(Data shown)

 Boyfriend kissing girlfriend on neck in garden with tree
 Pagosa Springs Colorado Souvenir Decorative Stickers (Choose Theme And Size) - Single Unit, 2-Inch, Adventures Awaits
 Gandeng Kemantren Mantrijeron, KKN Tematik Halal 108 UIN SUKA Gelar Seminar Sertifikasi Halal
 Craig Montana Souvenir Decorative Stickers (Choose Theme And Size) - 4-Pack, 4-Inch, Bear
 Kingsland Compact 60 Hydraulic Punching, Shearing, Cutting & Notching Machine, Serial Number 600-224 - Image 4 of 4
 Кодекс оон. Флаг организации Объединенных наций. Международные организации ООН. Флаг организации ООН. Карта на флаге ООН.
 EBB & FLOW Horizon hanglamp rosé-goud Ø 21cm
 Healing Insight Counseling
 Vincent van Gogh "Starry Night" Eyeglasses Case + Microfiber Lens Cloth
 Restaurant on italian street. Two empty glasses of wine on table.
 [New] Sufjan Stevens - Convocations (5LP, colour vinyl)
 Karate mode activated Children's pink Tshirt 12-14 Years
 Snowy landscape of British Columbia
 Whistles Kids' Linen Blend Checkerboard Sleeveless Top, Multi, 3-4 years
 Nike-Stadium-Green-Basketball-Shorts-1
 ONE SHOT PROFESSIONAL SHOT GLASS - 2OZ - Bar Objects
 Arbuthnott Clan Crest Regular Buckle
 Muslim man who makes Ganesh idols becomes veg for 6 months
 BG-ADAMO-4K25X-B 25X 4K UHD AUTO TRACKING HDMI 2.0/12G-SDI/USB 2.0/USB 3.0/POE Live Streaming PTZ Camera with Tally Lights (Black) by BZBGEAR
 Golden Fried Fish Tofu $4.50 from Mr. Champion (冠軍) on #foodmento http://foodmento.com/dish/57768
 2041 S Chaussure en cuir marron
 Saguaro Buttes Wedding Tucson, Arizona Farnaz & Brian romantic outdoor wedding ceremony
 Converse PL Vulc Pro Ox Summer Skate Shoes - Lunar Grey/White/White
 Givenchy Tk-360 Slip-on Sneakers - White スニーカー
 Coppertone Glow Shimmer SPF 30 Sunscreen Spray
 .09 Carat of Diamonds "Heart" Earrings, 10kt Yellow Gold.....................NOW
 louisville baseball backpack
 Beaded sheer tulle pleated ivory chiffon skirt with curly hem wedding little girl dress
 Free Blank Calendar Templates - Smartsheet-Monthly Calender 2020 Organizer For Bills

(End Data shown)

◆ Instructions to follow ◆
Go through the listing above and write out exactly the lines starting with the one holding "Nike-Stadium-Green-Basketball-Shorts-1" and running through the one holding "BG-ADAMO-4K25X-B 25X 4K", ends included, and no others.

◆ Finished exercise ◆
 Nike-Stadium-Green-Basketball-Shorts-1
 ONE SHOT PROFESSIONAL SHOT GLASS - 2OZ - Bar Objects
 Arbuthnott Clan Crest Regular Buckle
 Muslim man who makes Ganesh idols becomes veg for 6 months
 BG-ADAMO-4K25X-B 25X 4K UHD AUTO TRACKING HDMI 2.0/12G-SDI/USB 2.0/USB 3.0/POE Live Streaming PTZ Camera with Tally Lights (Black) by BZBGEAR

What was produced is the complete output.